TheaterLab
I wanted to see Three Sisters Come and Go because the description on TDF sounded very similar to an idea my friends Gwynne, Leslie and I have long considered for a future collaboration; namely, to use Chekhov’s Three Sisters as a point of departure for an original piece for three actresses. In the case of TheaterLab, they also added Samuel Beckett’s Come and Go into the mix.
This in itself makes me think of the notion people sometimes have of, Hey they stole my idea, to which the proper response is usually, Nah, they didn’t. I’m a big believer, effectively if not literally, in the collective unconscious. We all share the same world with the same data in it, so it can’t be much of a stretch for the same idea to arise independently and simultaneously in multiple locations. And in this instance, conceiving an original piece for three women based on Three Sisters isn’t all that unusual an idea to begin with.
Perhaps the idea is not unusual, but that doesn’t make it unworthy. I love reimaginings, reconfigurations, and retellings. And from here my brain splits in three directions:
1) I love reimaginings, reconfigurations, and retellings. And I especially love when several people reimagine, reconfigure, and retell the same material, much as I love when TV food competitions instruct chefs to cook a meal of their own devising out of the exact same list of ingredients. The fun is in seeing what different individuals will do with the same stuff, and the fascination is in learning who those individuals are, or wish to be, through the choices they make.
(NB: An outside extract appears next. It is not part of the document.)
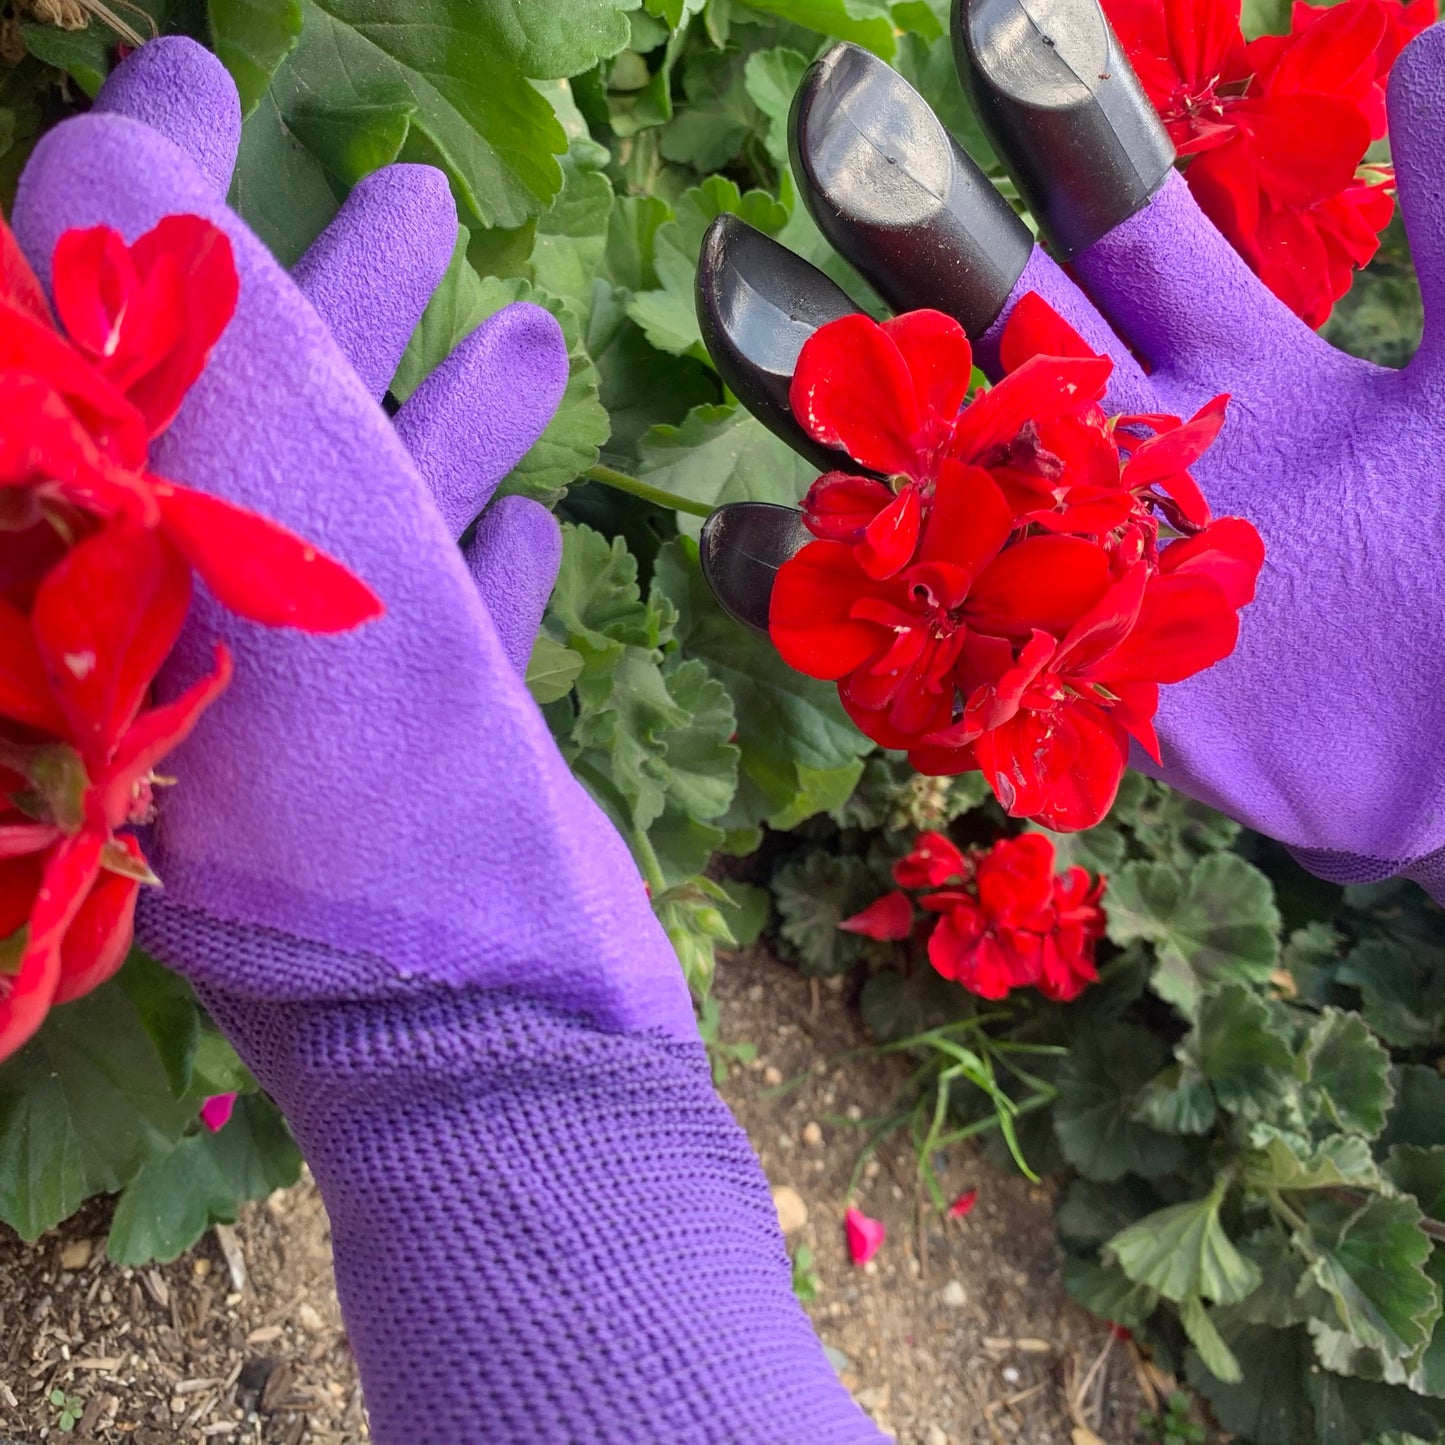 Claw Gardening Glove

[Sound of needle scratching off the record…]
2) I love reimaginings, reconfigurations, and retellings. And in this day and age, it seems I should add “remixes” and “mash-ups” to that list of words, but for some reason I hesitate to do so. I guess because, to my mind, remixes and mash-ups are less artful forms that rely too heavily on juxtaposition to make their new contributions. (That probably offends some great mash-up artist out there, and I welcome him/her to make a rebuttal.) Juxtaposition – even unconscious or random juxtapositions – can be brilliantly effective, but I feel they work best as a spice not as the main dish.
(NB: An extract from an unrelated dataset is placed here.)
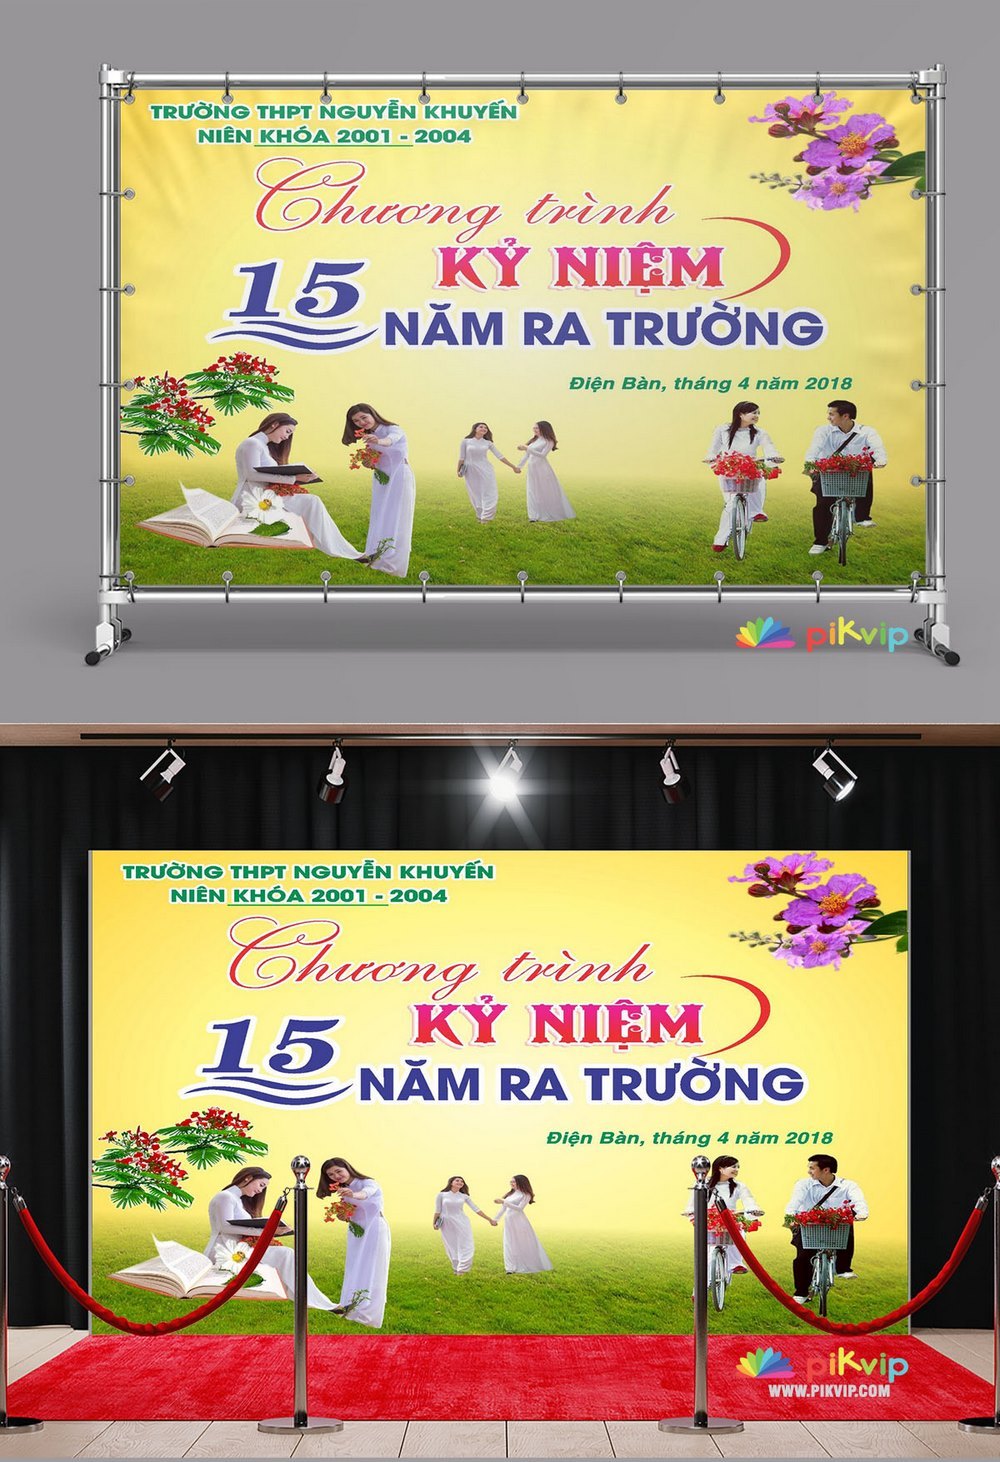 Market kỷ niệm 15 năm ra trường THPT Nguyễn Khuyến

[Sound of needle scratching off the record…]
3) I love reimaginings, reconfigurations, and retellings. It is a very human act. We are constantly absorbing narratives from others and emitting them anew as our own. My favorite example of this is when I tell a long, funny story from my life and then close with the sincere realization that it actually happened to my sister. Less trivially, absorbing and emitting narratives is probably how we learn to feel less alone (by connecting ourselves to something larger, or to someone else) as well as more unique (by differentiating ourselves from the existing narrative by adding our own particular spin).
And now, in an effort to find some cohesion for these splintered thoughts and my jet-lagged brain, I’ll return to Three Sisters Come and Go. I enjoyed witnessing what these particular artists contributed to the narratives of Olga, Irina, and Masha, particularly because my own brain has spent so much time considering what I would contribute myself. The juxtapositions of “theirs” and “mine” probably fed the creative process for my future collaboration much more than seeing the Chekhov again would have done. I wonder if, in this way, we are all co-authors of some bigger collaboration, to which Chekhov and TheaterLab and, someday Gwynne, Leslie, and Anna, are all contributing a draft. Perhaps that’s what collective unconscious truly is – the all-encompassing narrative of human existence. We can all tap into it because we all absorb and emit it on a daily basis. Whoa. That got really deep just there. Brilliance or jet-lag? You decide.